またもテレビで…

もうお腹いっぱいになっていた筈なのに、ショパン・コンクールの番組がまたもNHKで制作・放送され、やっぱり無視できない情けなさで不本意ながらも見てしまうことに…。
ただし、気がついたのが放送開始後、約30分経ったころで、新聞で見つけてすぐ録画したので、2時間番組のうち1時間半しか見られませんでした。

今回は日本人出場者にフォーカスするのではなく、コンクール全体を捉えた番組構成で、その点ではこれまでとは違った面白さがありました。
スタジオには男女のNHK司会者と、審査員をつとめたピアニスト、小説家の平野啓一郎さん、そして現地でコンクールを聴いたという若手ジャーナリスト、計5人によるお話と進行、さらにその折々に演奏の様子を紹介していくというものでした。

ちなみに、平野さんといえばショパンとサンドとドラクロワらを中心とした、ショパンの晩年から死までの数年間を描いた小説『葬送』の作者で、むろんマロニエ君も読みましたが、当時のパリの空気や芸術家のありさまが活き活きと描き出されており、4冊にもおよぶ長編力作ですが、非常に充実した作品であることは、ご存じの方も多かろうと思います。
とりわけショパンやドラクロワの芸術家としての活動の様子、さらにはそれらを取り巻く人物を、体温を感じるぐらいリアルに目の前に蘇らせた手腕や、史実の綿密かつ膨大な調査力、さらには死に至るまでのショパンの筆舌に尽くしがたい病との戦いなどが克明に描かれ、知らないことも数多く、この小説から得るものは非常に大きい稀有な作品でもありました。

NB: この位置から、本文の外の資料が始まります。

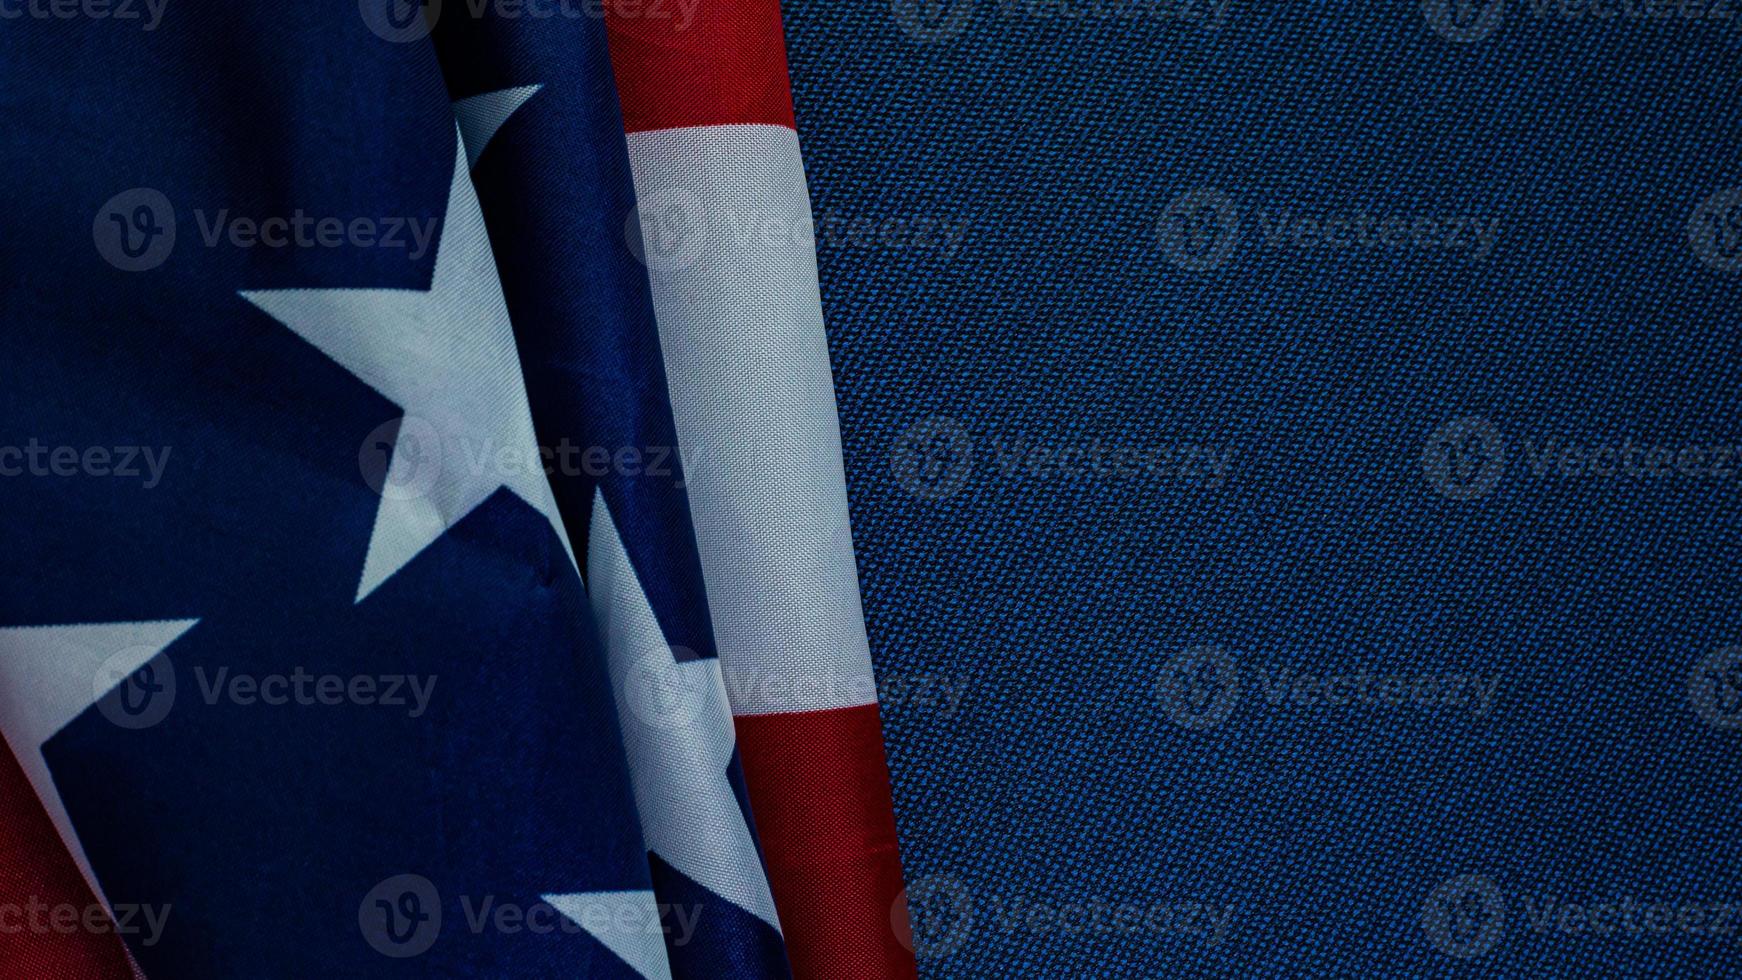 bandera estadounidense en el contenido azul del día de la independencia. foto

番組の話に戻ると、コンクールも終わって一定の時間が経過したいま、コンクール全体を総括するようなものでしたが、なんだか結果に評価が後から追加されたような印象もあり、しかもテレビ特有の表面的なもので、聞くに値する自分の見解をゆるぎなく仰るのは平野さんただひとりで、職業柄もあるのでしょうがさすがだと思いました。
あとは正直どうでもいいようなものばかりで、やたらと褒め称えてさえいれば間違いないという感じで、いかにも現代のテレビらしい無難なきれいごとだけの世界でした。

あれこれ出てきた演奏については、個人的には10月に毎夜聴いていたときの評価が覆ることはなく、不思議なまでに同じ印象で、当時感じたことを再確認するにとどまりました。

ここではあえて固有名詞は出しませんが、当時からいいなと思っていた人は、やはり今回見てもそう感じたし、変だな…とか、どこがいいの?過大評価じゃない?と思うものは、やはりどんなにスタジオで賞賛されても(中には「会場でも話題になるほどの名演だった」などといわれても)、個人的にはまったく同意できないし、さほどピアノに深く入り込んでいない多くの視聴者はこんな言葉のやり取りを鵜呑みにしてしまうのかと思うと…なんだか危うい感じを覚えました。

時代とともに「ショパンの演奏も変わる」ということは当然だと思いますが、それが精密技術による楽譜の再構築のようになって、演奏者の自由な感性が羽ばたく余地が著しく狭められているとしたら、それこそコンクールという競技化/スポーツ化の弊害ではないかと感じます。
芸術の世界まで民主化・平均化の波が押し寄せているようですが、逆に世界の統治情勢はエゴと覇権主義が横行し、その民主主義さえかなりヒビが入っているという現実は皮肉です。

芸術が内包する真髄を追い求めることより、加点の得られる対策された解像度の高い演奏が主流となってしまうのはいかがなものか。
有無を言わさぬ音楽の喜びとか、人の内奥に触れてくるような、あるいは魂を揺さぶられ、心の痛みさえも美しく転嫁されるような演奏はかげをひそめ、審査員という独特な権力集団に頭をなでられるようなものをどれだけ提示できるかが問題。
ショパンには特有の言語があり、それをどれだけ雄弁に語れるかが問題だと思っていましたが、その点もかなり変質している気がします。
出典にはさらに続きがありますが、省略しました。